First load the package:

library(car)

Then, convert your dataframe into a matrix. In the following line of code, `cbind()`

picks up all the data in `my.dataframe`

, group by group (the groups are `week08`

, `week12`

, `week16`

and `week20`

) and builds a matrix.

my.matrix <- with(my.dataframe, cbind(rat.weight[time.point=="week08"], rat.weight[time.point=="week12"], rat.weight[time.point=="week16"], rat.weight[time.point=="week20"])) my.matrix

Now we build a linear model and a design (by which we name the groups/factors):

model <- lm(my.matrix ~ 1) design <- factor(c("week08", "week12", "week16", "week20"))

and we eventually run the repeated measures ANOVA via the function `Anova()`

:

options(contrasts=c("contr.sum", "contr.poly")) results <- Anova(model, idata=data.frame(design), idesign=~design, type="III") summary(results, multivariate=F)

R prints the following output:

As you may see here in the middle of the output, the Mauchly test for sphericity appears in the middle. It returns a p-value over 0.05 meaning that the null hypothesis stating that there is no difference in variances for all pairwise group comparisons is accepted. This means also that we have all rights to go ahead with the repeated measure ANOVA… and the result of the repeated measures ANOVA is to be found on top of the output. On the same line as “design”, an F-value and a p-value are given, and they show the same results as previously obtained.

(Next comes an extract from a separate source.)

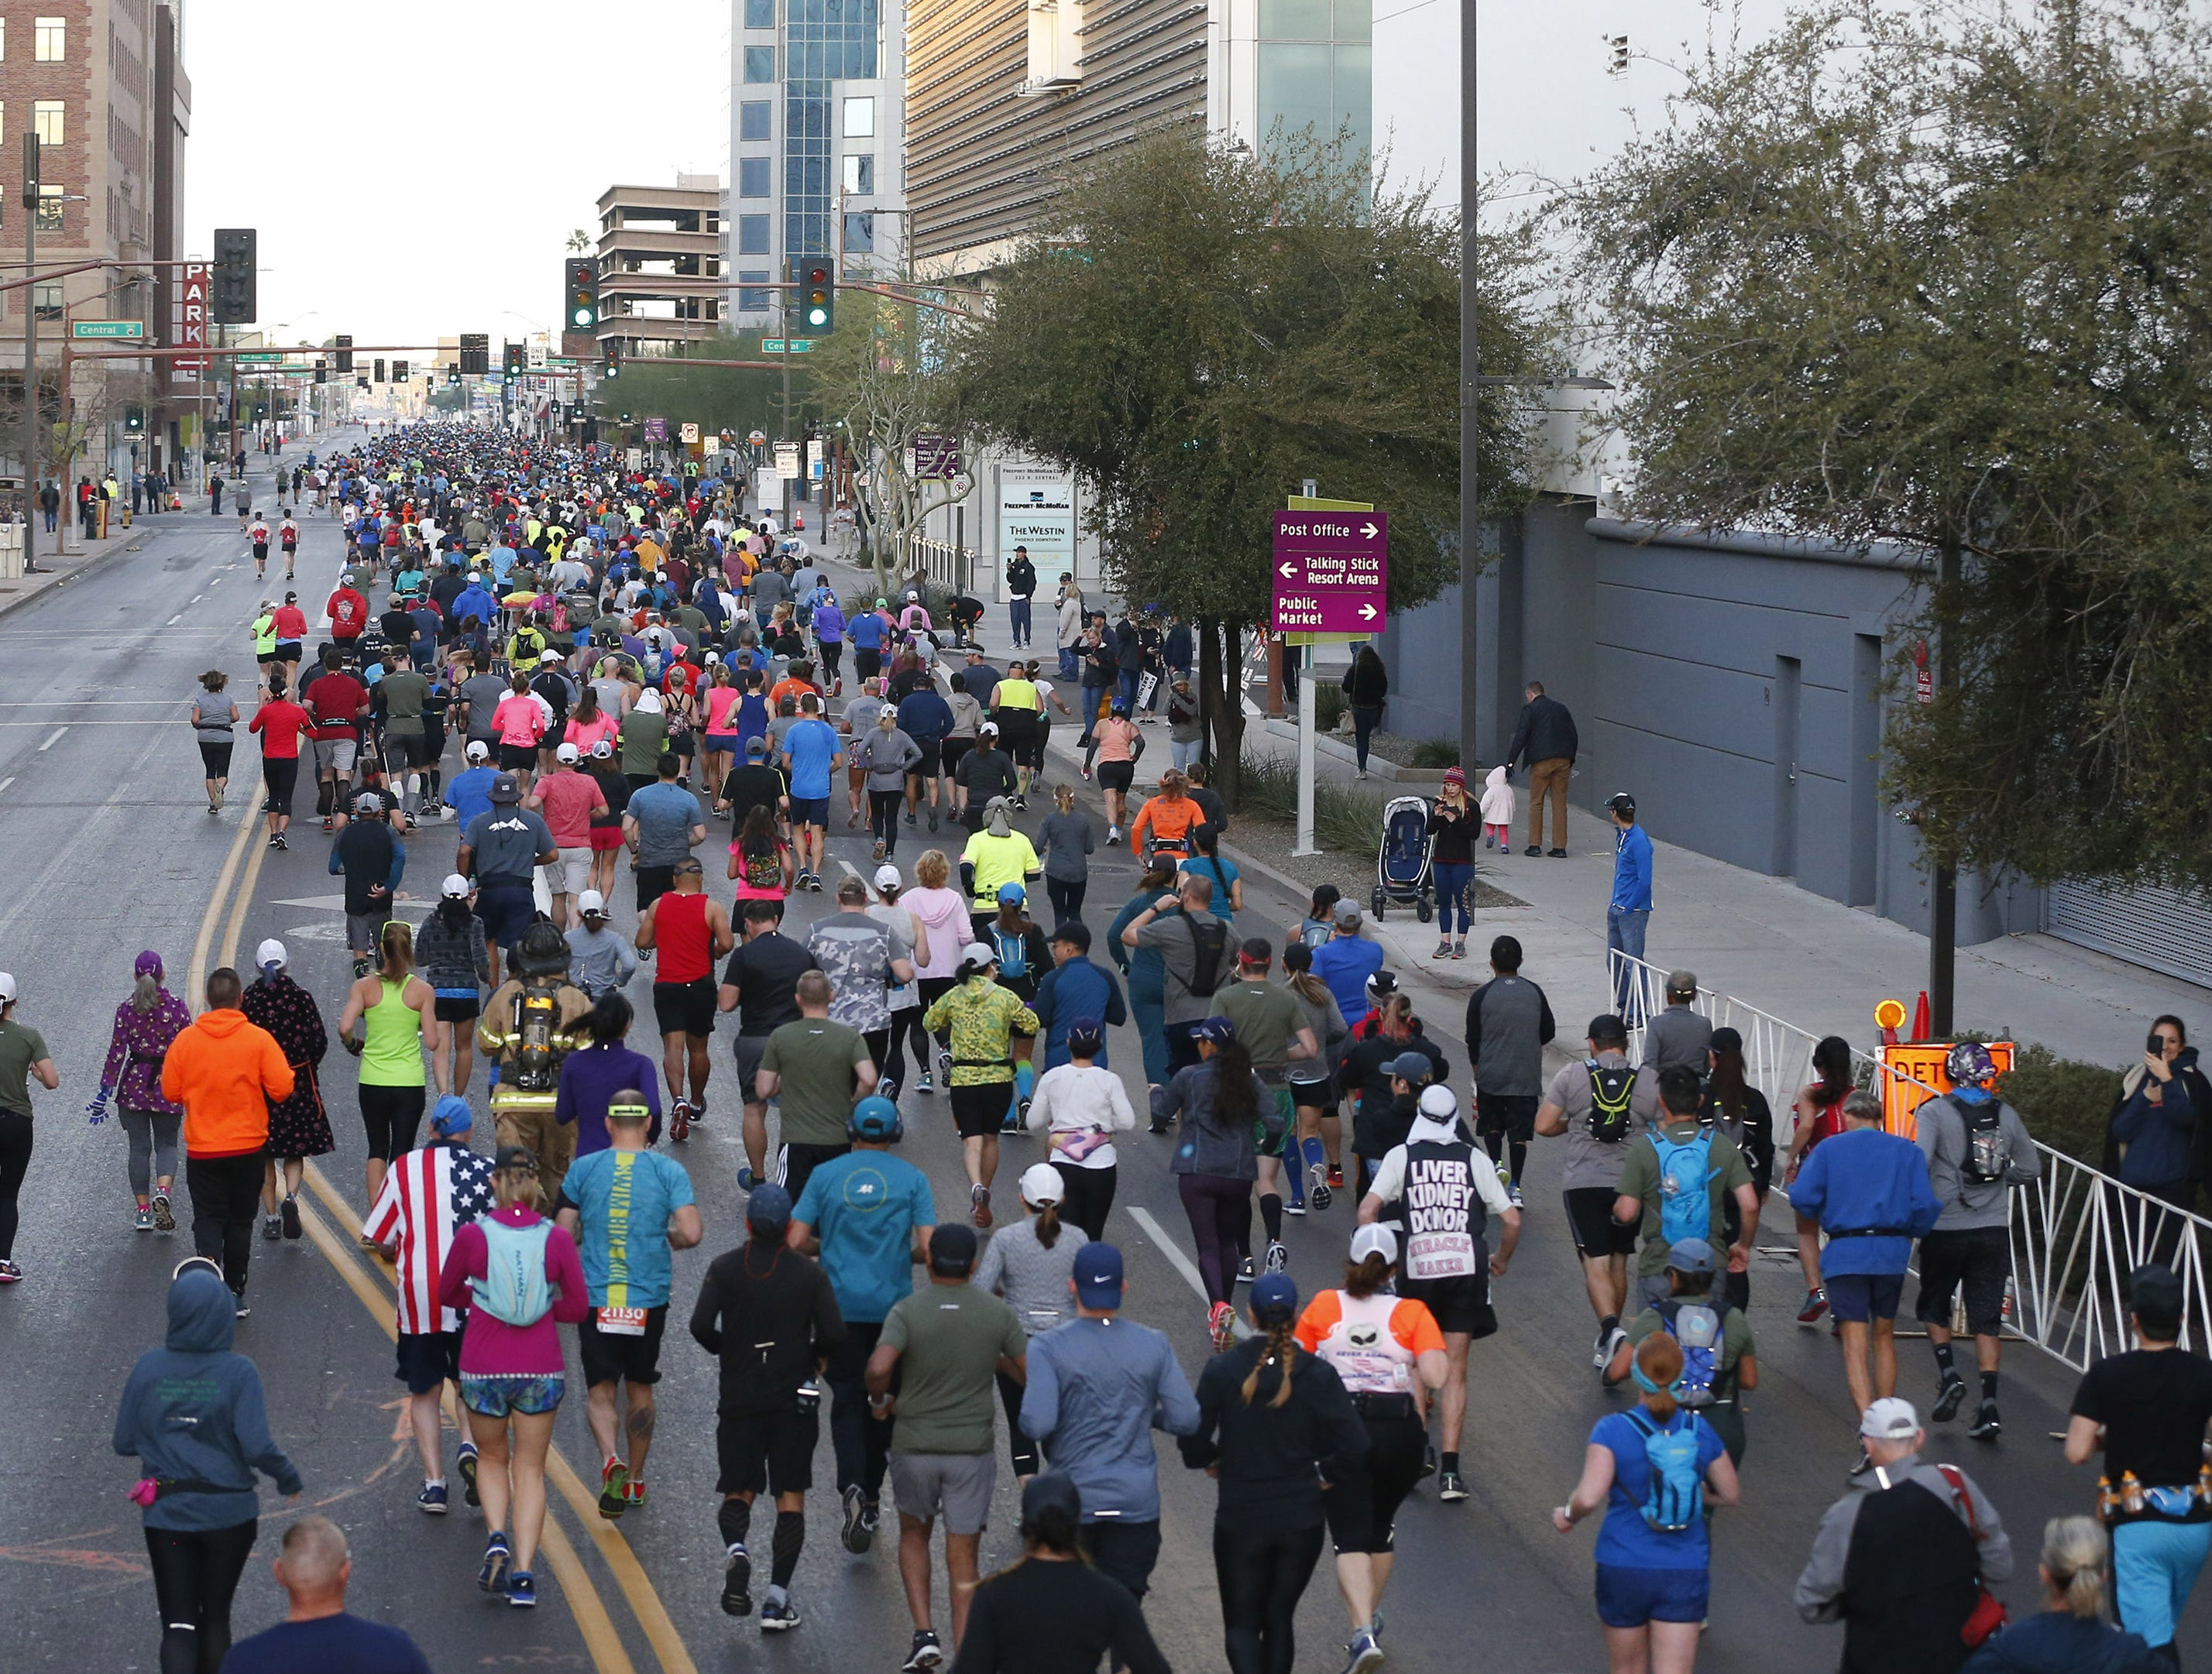 Runners make their way down Van Buren St. during the Rock 'n' Roll Marathon in Phoenix, Jan. 20, 2019.

Now that you know that there exist significant differences, you may proceed with an adapted posthoc test (pairwise comparisons).

**But what about the assumption of normality of distribution is not met?**

If so, you may use a non-parametric test called **Friedman rank sum test** (or simply Friedman test).

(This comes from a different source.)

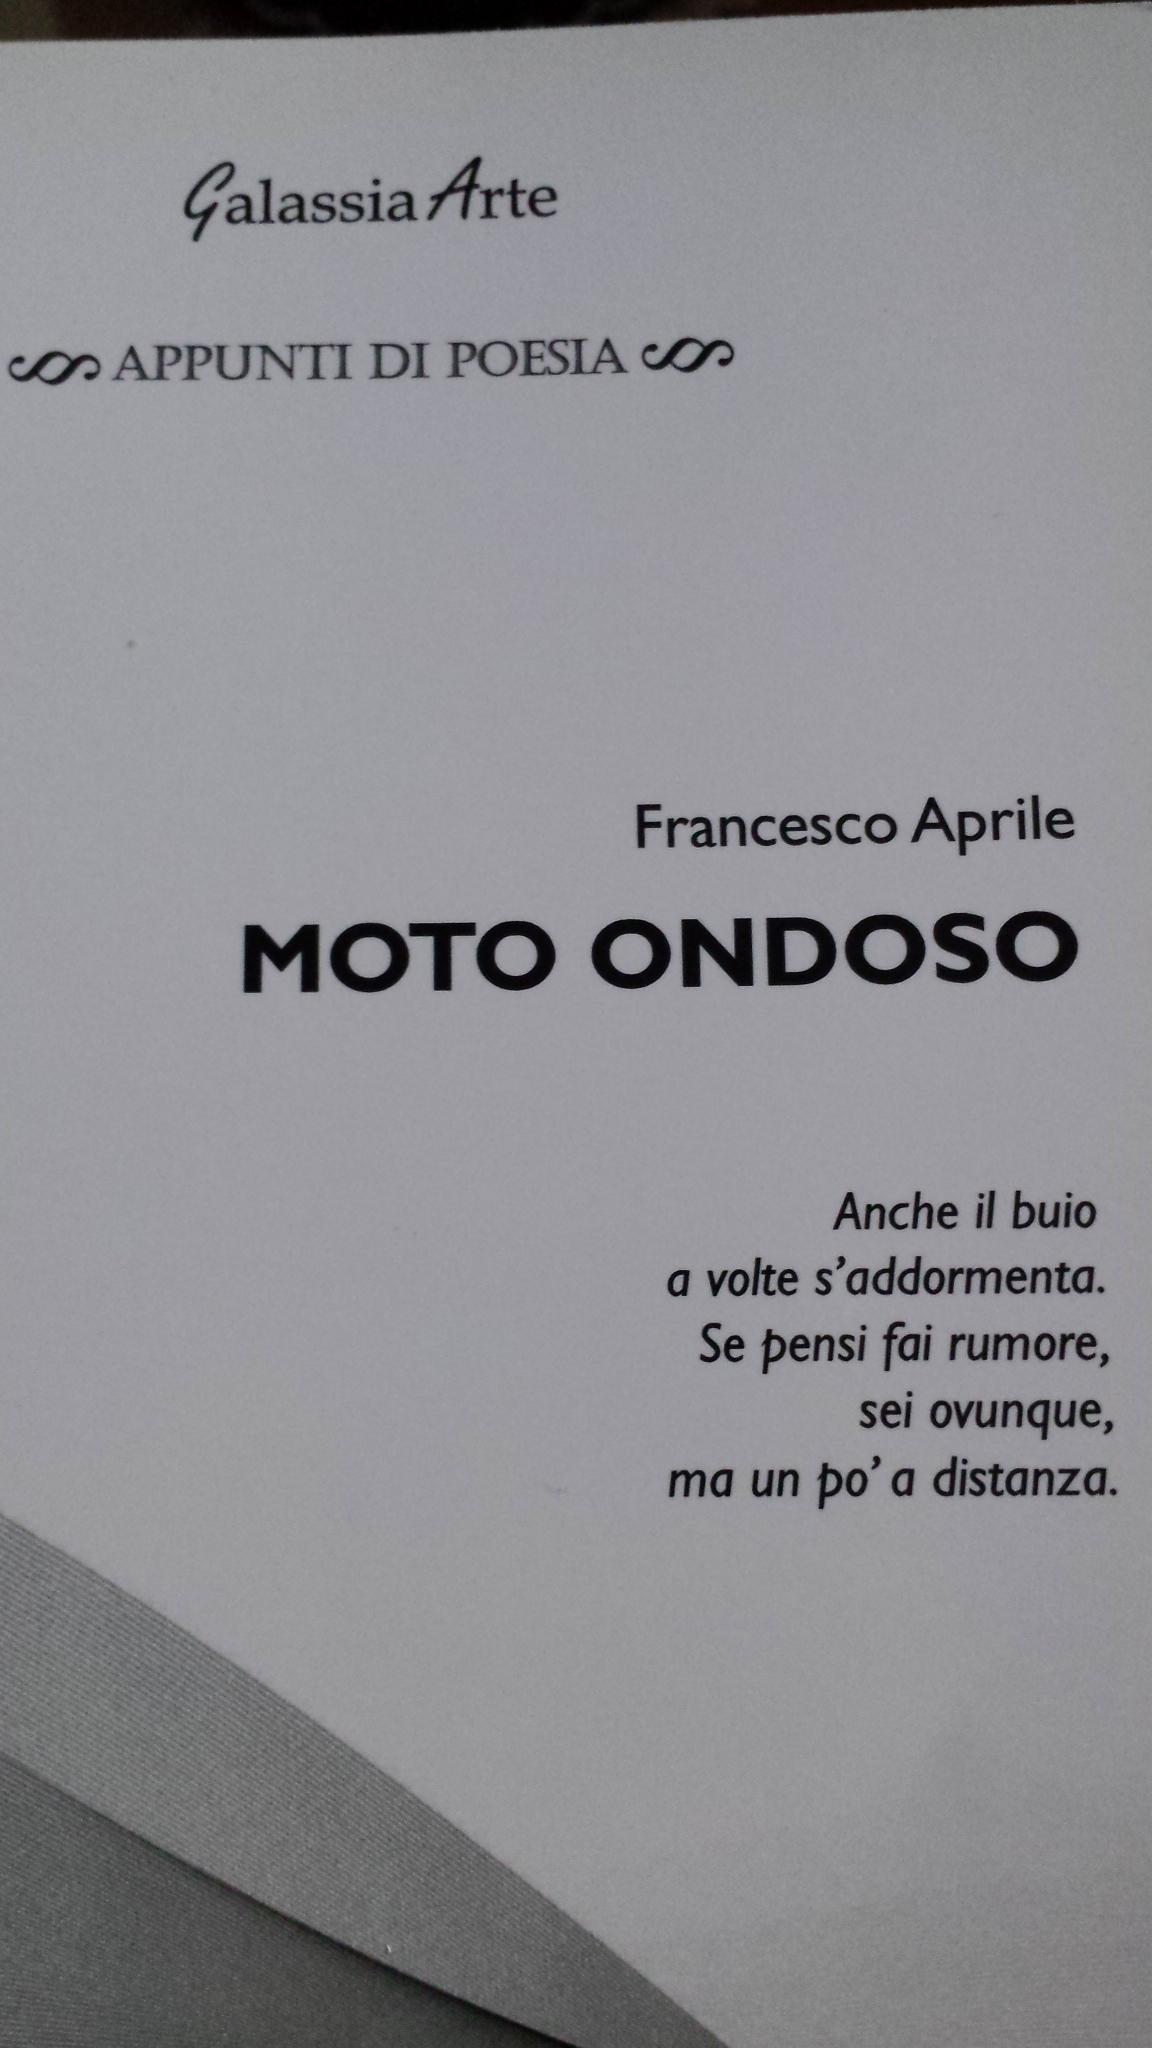 Moto ondoso Francesco Aprile

The function to call in R is `friedman.test(data, factor1, factor2)`

where `data`

is the vector that contains the measurements, `factor1`

is the grouping factor and `factor2`

is the blocking factor (where the individual IDs are stored).

Using our example as exposed at the top of this page, the syntax is:

friedman.test(rat.weight, time.point, rat.ID)

and the resulting output is:

The null hypothesis stating that there is no difference between the means of the groups is (again) rejected due to the low p-value.